Pranav Vashisht serves as a Continuous Improvement Specialist at Idaho Milk Products, where he leads and manages process development and improvement projects. He is also a team leader of the Special Initiative Team of the Dairy Foods Division of IFT and a board member of Intermountain IFT. Pranav has a M.S. in Food Science and a B.S. in Dairy Technology.
Dairy ingredients serve as the foundation for various food sectors, such as infant formulas, baking and confections, and sports nutrition. Dairy manufacturers have embraced numerous innovative processing technologies to produce these ingredients. However, amid growing environmental concerns associated with food processing and increased consumer awareness of healthy food products, there is a noticeable shift toward greener processing methods, emphasizing the importance of preserving the natural characteristics of food to the maximum extent possible.
Due to the heat-sensitive nature of milk components, non-thermal processing technologies are gaining popularity in the dairy industry. These technologies are viewed as potential alternatives to traditional milk pasteurization methods. This transition addresses environmental considerations and aligns with the broader trend of prioritizing a health-conscious approach in the production of dairy products.

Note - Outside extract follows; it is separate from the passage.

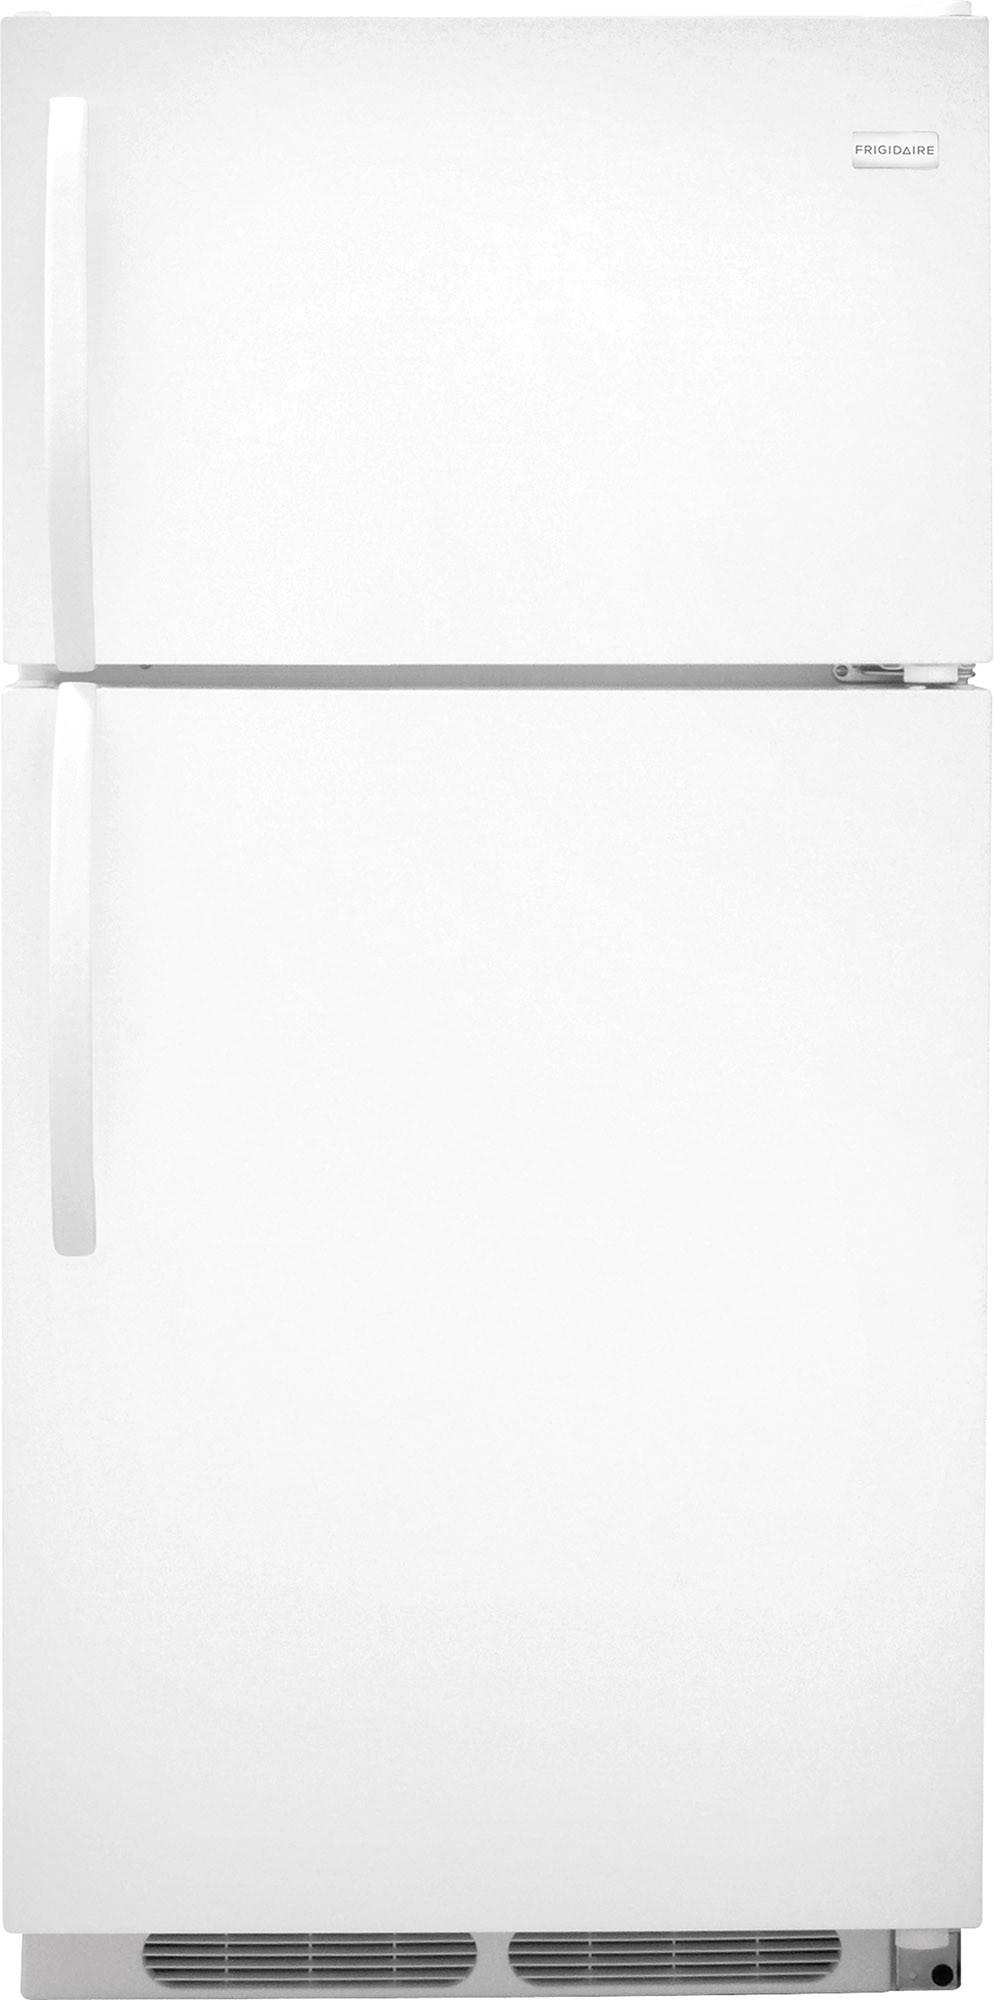 Della Beverage Center Refrigerator Stainless

The implementation of ultra-shear technology has proven to be a pivotal approach in the production of clean-label beverages. By reducing the particle size of the product through intense shear forces (400 MPa), this technology plays a crucial role in eliminating the necessity for stabilizers and enhancing suspension stability. Furthermore, it effectively deactivates pathogenic and spoilage-causing microorganisms without requiring thermal exposure, thereby preserving the natural components more effectively.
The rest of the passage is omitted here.